Na comunidade Vila Manaus os modos de resistência manifestam-se sob
diferentes aspectos da vida dos ribeirinhos, sem contudo, poder-se afirmar o
purismo dos seus modos de vida, posto que diferentes racionalidades fazem parte
de seu cotidiano. O ribeirinho exposto neste trabalho mantém relações sociais que,
de um lado apresentam-se relacionadas com seu saber tradicional, com sua vivência
no ecossistema de várzea, com suas manifestações culturais presentes no seu
modo de produção etc., de outro se mostra em meio a realidades culturais opostas
que surgem com políticas pensadas fora e sem a participação da comunidade como
o Projeto Luz Para Todos.
A manutenção da vida ribeirinha faz-se por meio das relações que
estabelecem entre si, da aceitação de regras informais estabelecidas para a
utilização comum dos recursos naturais, do uso dos conhecimentos adquiridos com
a dinâmica dos rios, as características dos solos, fatores que interferem nas
decisões do onde, como e quando fazer diante as peculiaridades locais e regionais,
das necessidades internas e externas das famílias.

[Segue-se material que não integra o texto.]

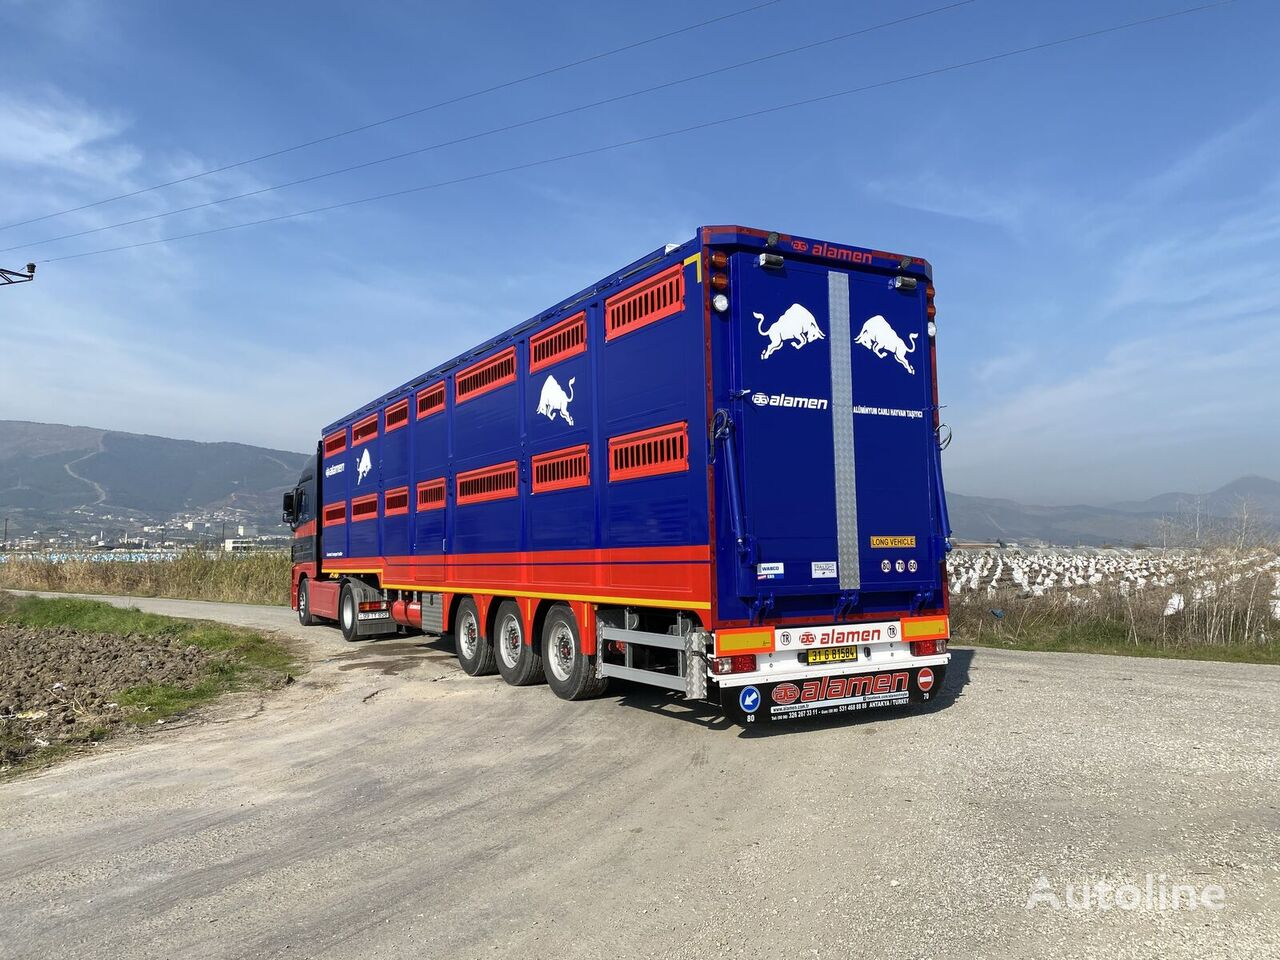 новый полуприцеп скотовоз ALAMEN livestock transport trailer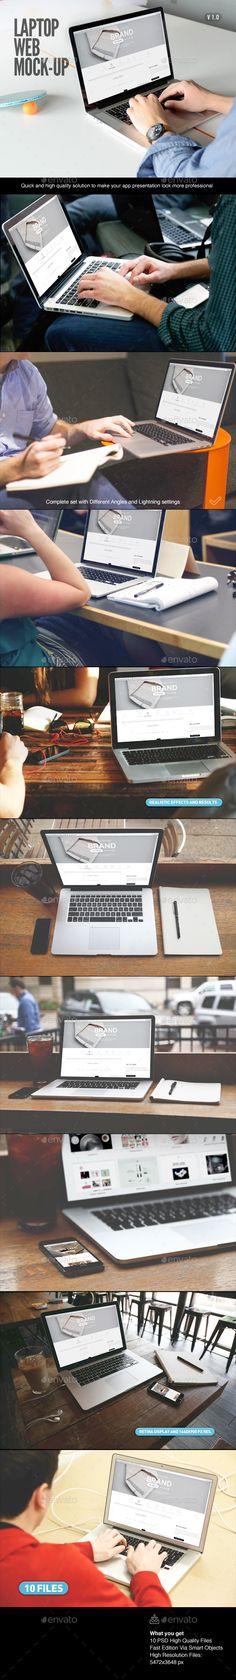 Laptop   Web App Mock-Up #design Download: http://graphicriver.net/item/laptop-web-app-mockup/10897896?ref=ksioks

As peculiaridades encontradas na Comunidade Vila Manaus são em parte
diferentes de muitas comunidades de várzea da Amazônia, onde o uso do solo é
realizado principalmente pelos agricultores familiares nas policulturas que visam a
comercialização principalmente com as cidades.
Na área estudada, porém mesmo diante das características dos solos e de
todo um conhecimento adquirido pelo ribeirinho sobre o manejo de culturas, não se
observa áreas cultivadas maiores àquelas que garantam o consumo imediato das
famílias e/ou alimentam as trocas entre as comunidades. Os motivos que contribuem
para esse fato ainda são pouco conhecidos e requerem esforços e desenvolvimento
de novas pesquisas para o esclarecimento destas e de outras questões levantadas
que fazem parte da vida destes ribeirinhos, mas que possuem por vezes
interpretações sob pontos de vistas que os colocam em condição de atrasados
frente à modernidade, o que em nada contribui para o conhecimento de suas
práticas e dos conflitos em que estão envolvidos.